Thence back to China, the richest and most famous country of all the East, where was "peace so absolute that shops could be left open full of wares all night and travellers and strangers could walk day and night through every part, untouched and fearing none."
But the Polos wearied even of the Court favours and their celestial home; they longed to come back to earth, to Frankland and Christendom, where life was so rough, and poor, and struggling, but for whose sake they had come so far and braved so much. But the Khan was hurt at the least hint of their wishes, and it was only a fortunate chance that restored them to Europe. Twenty years after their outward start, they were dismissed for a time and under solemn promise of return, as the guides of an embassy in charge of a Mongol bride for a Persian Khan, living at Tabrez and related to Kublai himself. So, in 1292, they embarked for India at Zaitum, "one of the fairest ports in the world, where is so much pepper that what comes by Alexandria to the West is little to it, and, as it were, one of a hundred." Then striking across the Gulf of Cheinan, for fifteen hundred miles, and passing "infinite islands, with gold and much trade,"—a gulf "seeming in all like another world"—they reached Ziambar and, after another run of the same distance, Java, then supposed by mariners to be the greatest island in the world, "above three thousand miles round and under a king who pays tribute to none, the Khan himself not offering to subject it, because of the length and danger of the voyage."
One hundred miles south-east the fleet touched at Java the Less "in compass about two thousand miles, with abundance of treasure and spices, ebony, and brazil, and so far to the south that the North Star cannot be seen, and none of the stars of the Great Bear." Here they were in great fear of "those brutish man eaters," with whom they traded for victuals and camphire and spices and precious stones, being forced to stay for five months by stress of weather—till they got away into the Bay of Bengal, the extreme point of European knowledge until this time, "where there are savages living in the deep sea islands with dogs' heads and teeth, as I was told, all naked, both men and women, and living the life of beasts (Andamans)."[26]
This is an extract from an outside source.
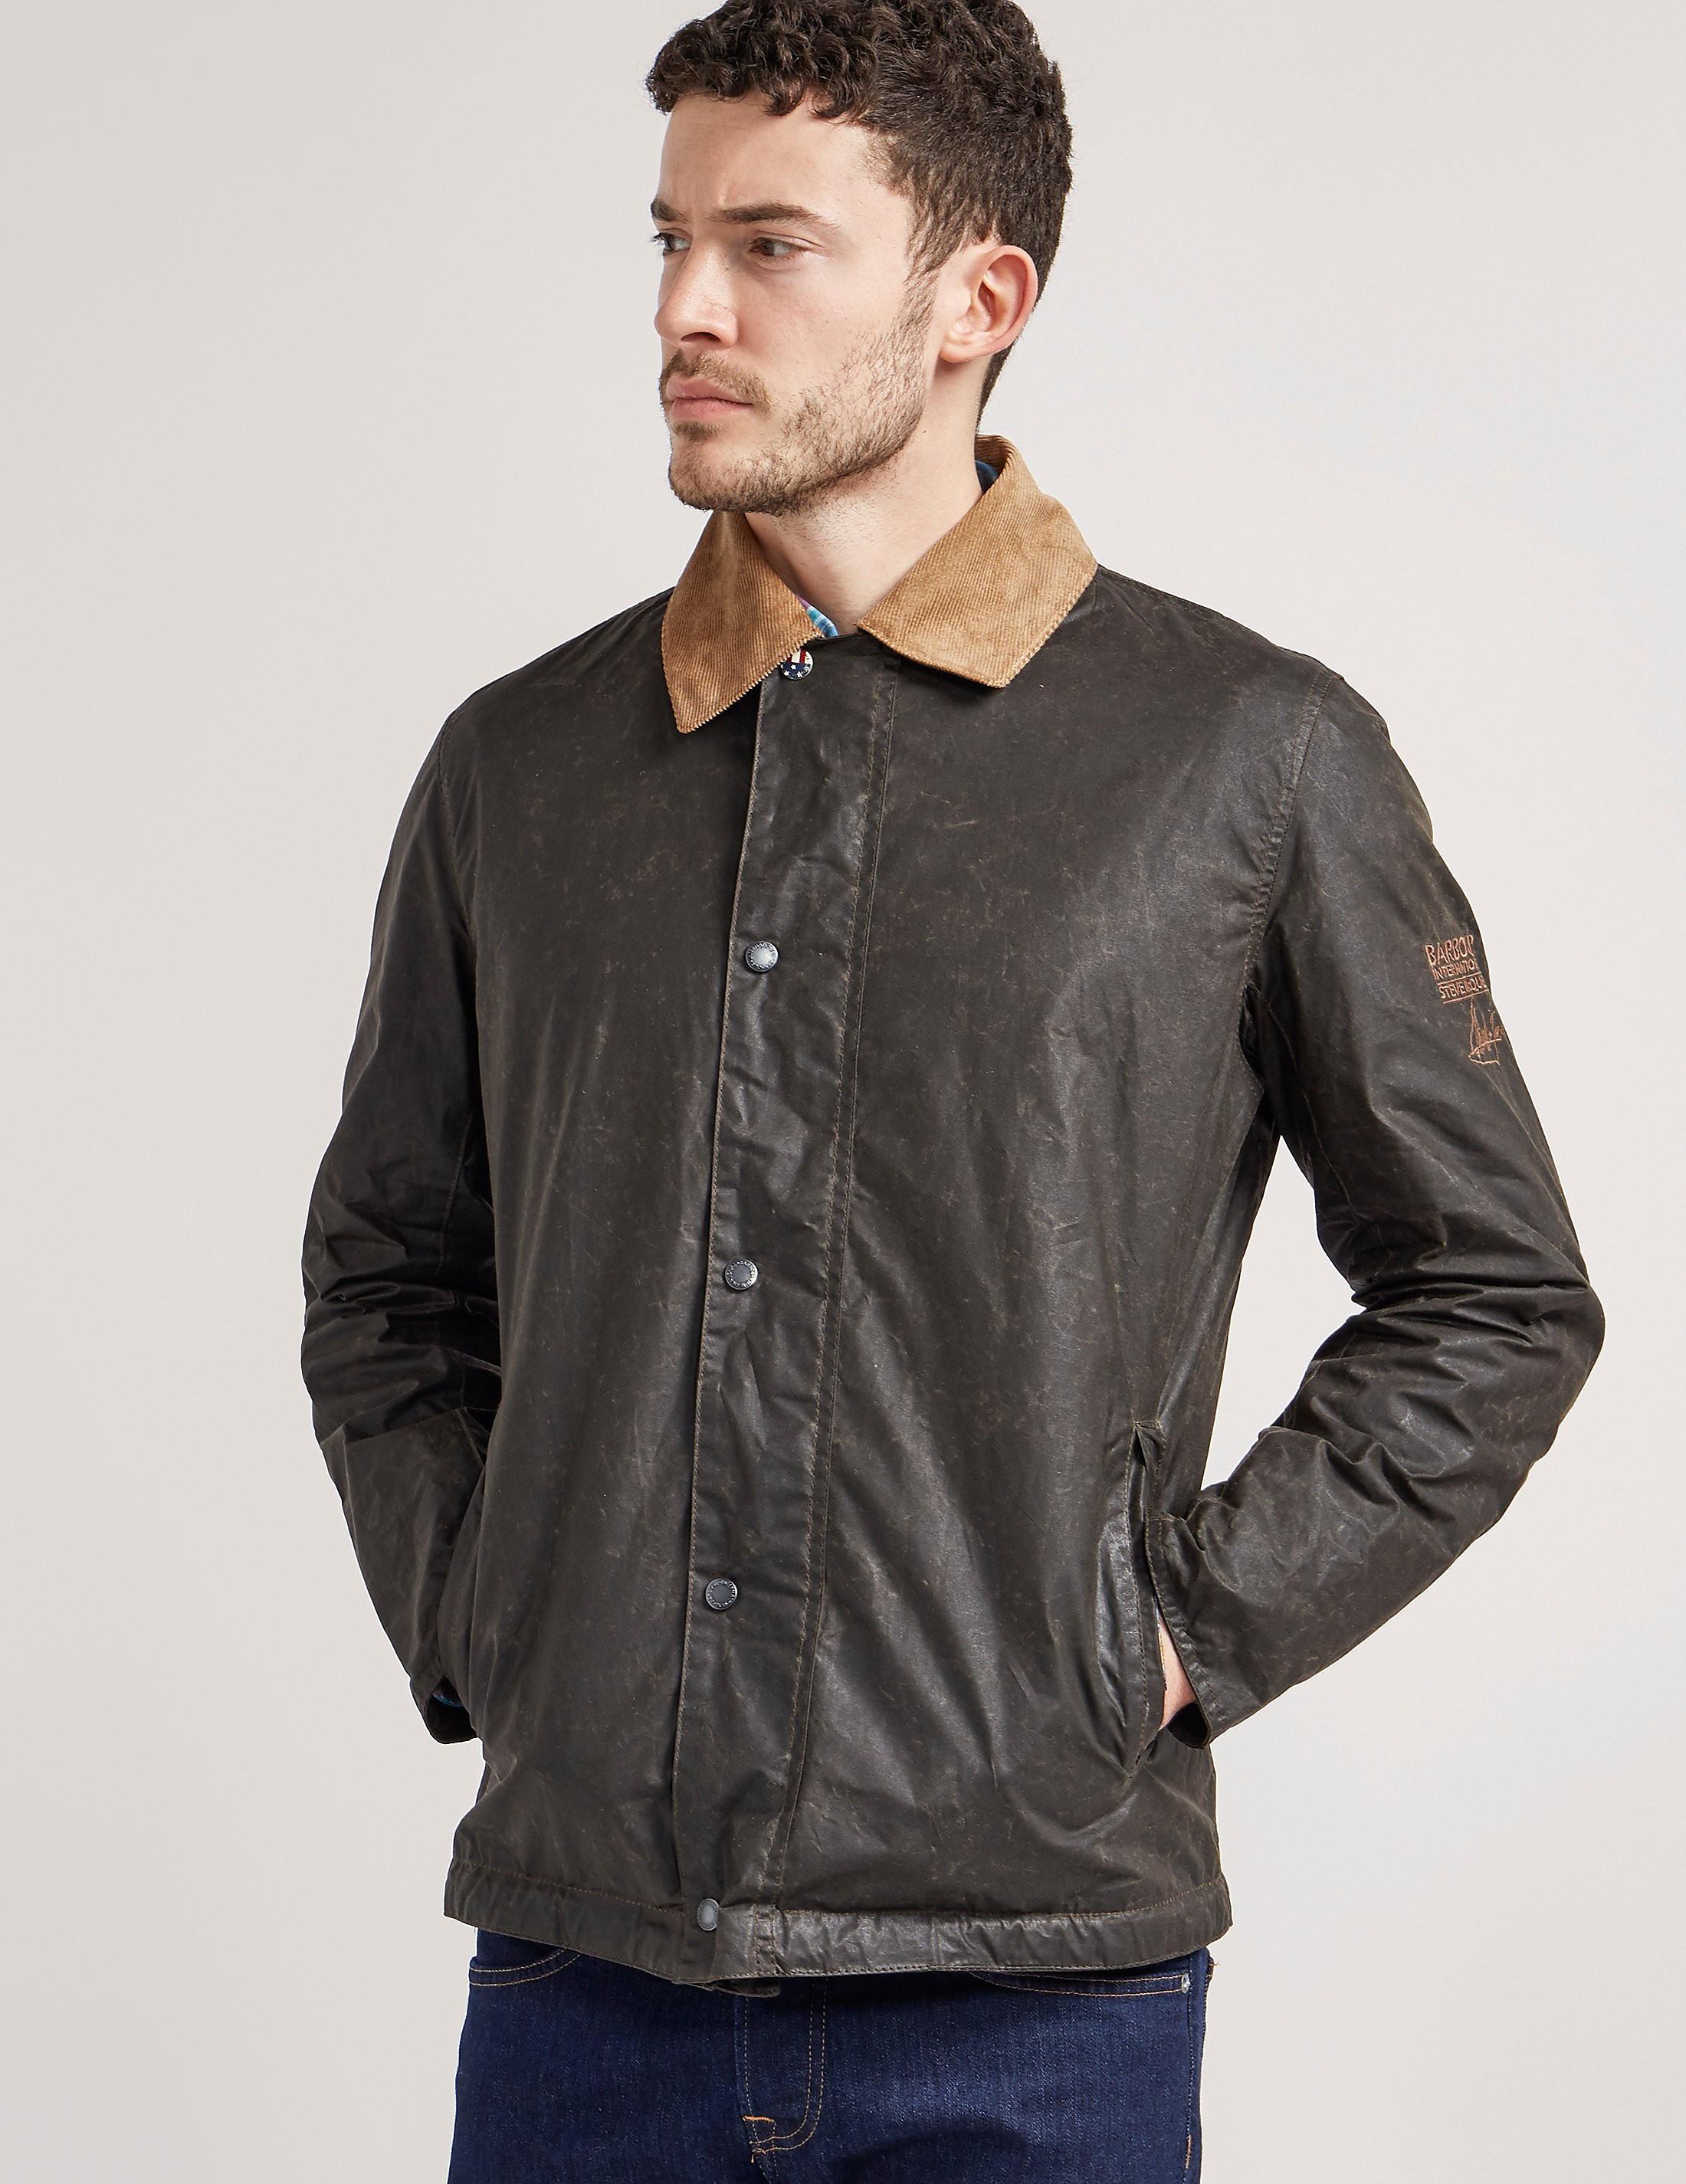 Barbour International Steve McQueen Tread Wax Jacket

Sailing hence a thousand miles to the west, adds Marco, is Ceylon, "the finest island in the world, 2400 miles in circuit, and once 3600, as is seen in old maps, but the north winds have made great part of it sea."
Again west for sixty miles, to Malabar, "which is firm continent in India the Greater," and where the Polos re-entered as it were the horizon of Western knowledge, at the shrine of St. Thomas, the Apostle of India.
Here we must leave the Venetians, with only a bare mention of their homeward route from Malabar by Murfili and the Valley of Diamonds, by Camari, where they had a glimpse of the Pole-Star once more, and by Guzerat and Cambay to Socotra, where Marco, in his stay, heard and wrote down the first news ever brought to Europe of the "great isle Magaster," or Madagascar, and of Zensibar or Zanzibar.[27]
Of Polo's account of Hindu customs,—self-immolation and especially Suttee, of Caste, of the Brahminical "thread with one hundred and four beads by which to pray"; of their etiquette in eating, drinking, birth, marriage, and death—only the simple fact can be noticed here, that the first serious and direct Christian account of India, as of China, is also among the most accurate and well judged, and that both in what he says and what he leaves unsaid, Messer Marco is a true Herodotus of the Middle Ages.
But not only does his account discover for Europe the extreme east and south of Asia; in his last chapter he returns to the Tartars, and after adding a few words on the nomades of the central plains, gives us our first "Latin" account of Siberia, "where are found great white bears, black foxes, and sables; and where are great lakes, frozen except for a few months in the year, and crossed in sledges by the fur-traders."
Beyond this the Obscure Land reaches to the furthest North, "near which is Russia, where for the most of winter the sun appears not, and the air is thick and dark as betimes in the morning with us, where the men are pale and squat and live like the beasts, and where on the East men come again to the Ocean Sea and the islands of the Falcons."